The University of Minnesota Armory is a building on the University of Minnesota campus in Minneapolis, Minnesota. The Armory was constructed in 1896 after the previous space for military training on the campus burnt in a fire in 1894. The facility served as the primary home for the Minnesota Golden Gophers men's basketball team as well as the University of Minnesota Marching Band after its construction. The basketball team moved to the Kenwood Armory in Downtown Minneapolis in 1925 while the band moved to the newly completed Music Education Building in 1922. Fielding H. Yost, Michigan Wolverines football coach, forgot the Little Brown Jug, one of the oldest college football traveling trophies, in the locker rooms of the Armory in 1903. The Armory was also the facility used for the University of Minnesota physical education department until 1935. The school's football team played some of their early games on the open field next to the Armory.

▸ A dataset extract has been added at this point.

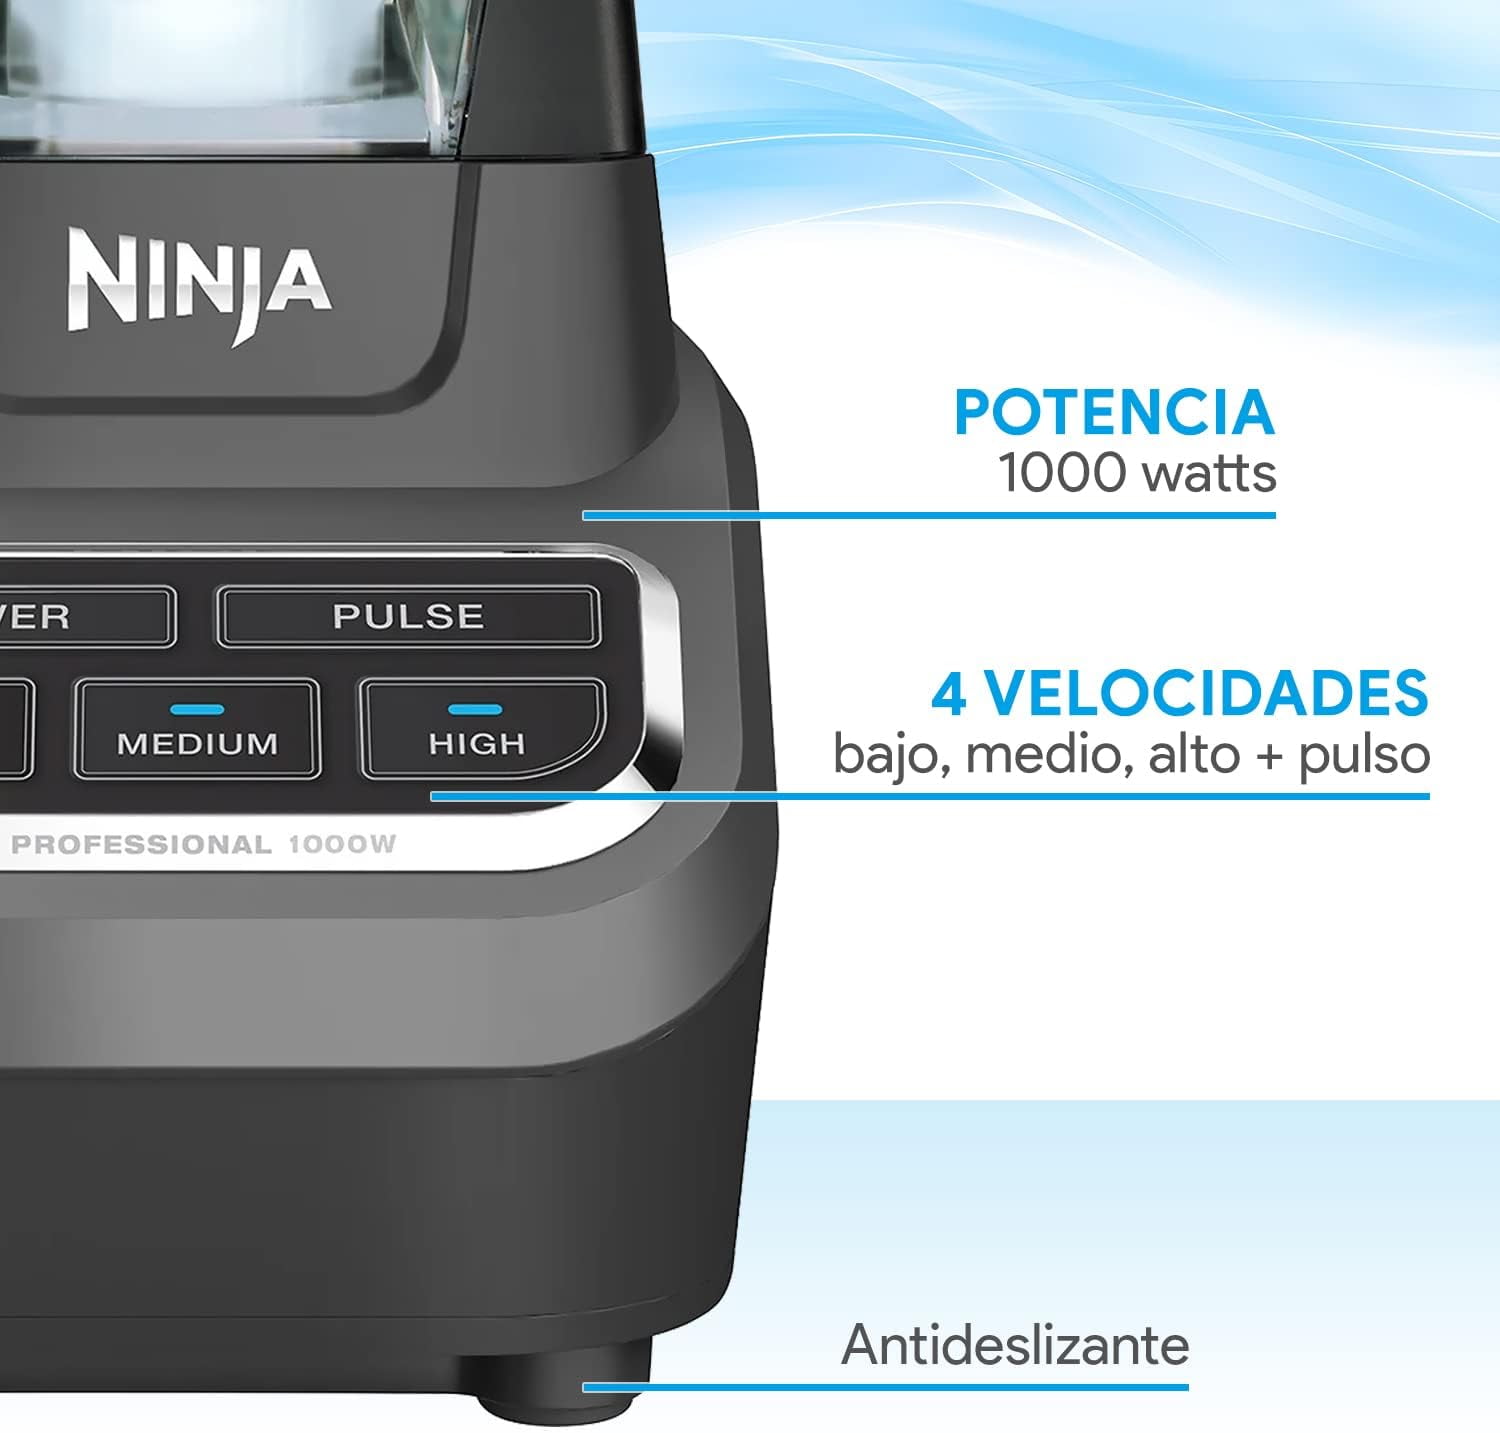 Ninja CO610B 1000W Professional Blender - Black for sale online

It is a contributing property in the University of Minnesota Old Campus Historic District, a historic district that is listed on the National Register of Historic Places.

Currently, it is used as the classrooms and office space of the University's three ROTC units, and offices for the University's program for High School students, with the gymnasium being available for campus activities.

Outside the Armory building, there is a nine foot tall statue of a soldier on a seven-ton, six-foot-high Vermont granite pedestal. It is called "Iron Mike" and a memorial plaque underneath reads: "erected in honor of the students of the University who served their country in the war with Spain, 1898-99.” Sculptor Theo Alice Ruggles Kitson designed the statue, which was commissioned and paid for by a committee that had originally been formed to send Christmas gifts to student soldiers in the 13th Minnesota Infantry Regiment, who were stationed in Manila. Professor Arthur E. Haynes, who chaired this committee, suggested doing something more than just sending gifts. He donated the first ten dollars and led the fundraising and process of designing the statue. It was unveiled in 1906.